5. Persons who profess always to do their own thinking. If you will trace them home, they are in nine cases out of ten the veriest slaves that ever lived. They are the bondservants of some heretic or other who has put it into their heads that in following him they become free men.


III.
The kind of words you may rest on. You may safely rest on--

1. Words which urge you to faith in God.

2. Words which are the words of God Himself.

3. Words which are sealed by the Lord Jesus.

4. Words which have been blessed to other men.

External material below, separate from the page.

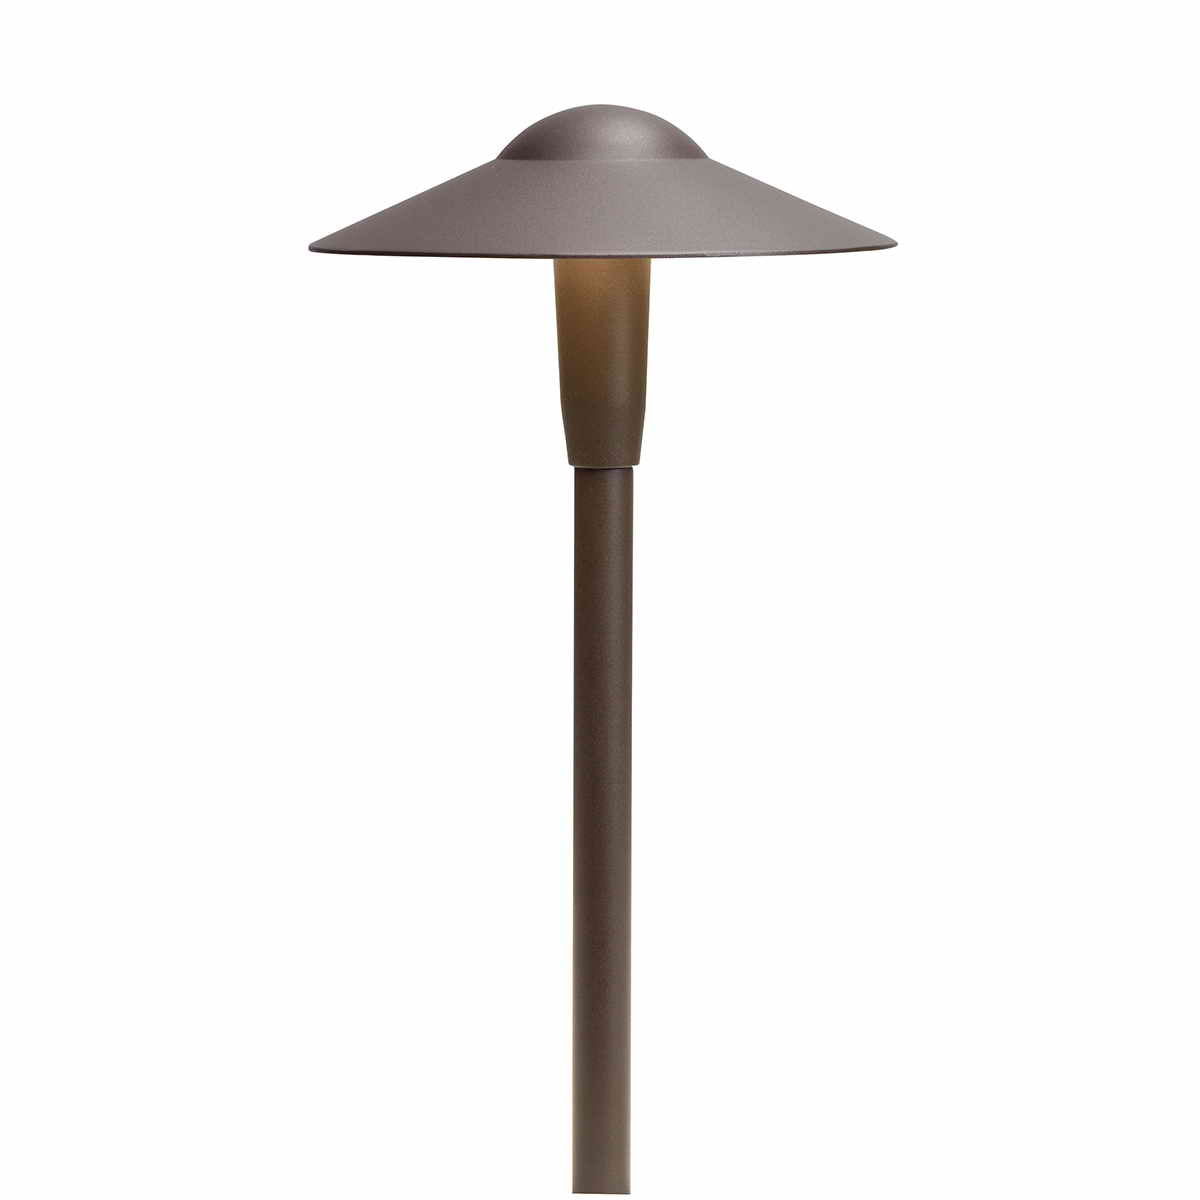 3W 250 Lumens LED Short Dome Path Light Textured Architectural Bronze

5. Words which breathe a sense of rest into the soul. (C. H. Spurgeon.)

Verse 20

2 Chronicles 32:20

Prayed and cried to heaven.

True prayer

True prayer is not pestering the Throne with passionate entreaties that a certain method of deliverance which seems best to us, should be forthwith effected; but is a calm utterance of need, and a patient, submissive expectance of fitting help, of which we dare not define the manner or the time. They are wisest, most trustful and reverent, who do not seek to impose their notions or wills on the clearer wisdom and deeper love to which they betake themselves, but are satisfied with leaving all to His arbitrament. True prayer is the bending of our own wills to the Divine, not the urging of ours on it. When Hezekiah received the insolent letter from the invader, he took it and “spread it before the Lord,” asking God to read it, leaving all else to Him to determine: as if he had said, “Behold, Lord, this boastful page. I bring it to Thee, and now it is Thine affair more than mine.” The burden which we roll on God lies lightly on our own shoulders; and if we do roll it thither, we need not trouble ourselves with the question of how He will deal with it. (Alex. Maclaren, D.D.)

“Fire upwards”

A story of the wars of the first Napoleon has often come back to me. He was trying in a winter campaign to cut off the march of the enemy across a frozen lake. The gunners were told to fire on the ice and break it, but the cannon balls glanced harmlessly along the surface. With one of the sudden flashes of genius he gave the word, “Fire upwards!” and the balls crashed down full weight, shattering the whole sheet into fragments, and the day was won. You can fire upwards in this battle even if you are shut out from fighting it face to face. You can do your share within the four walls of your room. (Miss Trotter.)

Verses 24-25

2 Chronicles 32:24-25

In those days Hezekiah was sick to the death.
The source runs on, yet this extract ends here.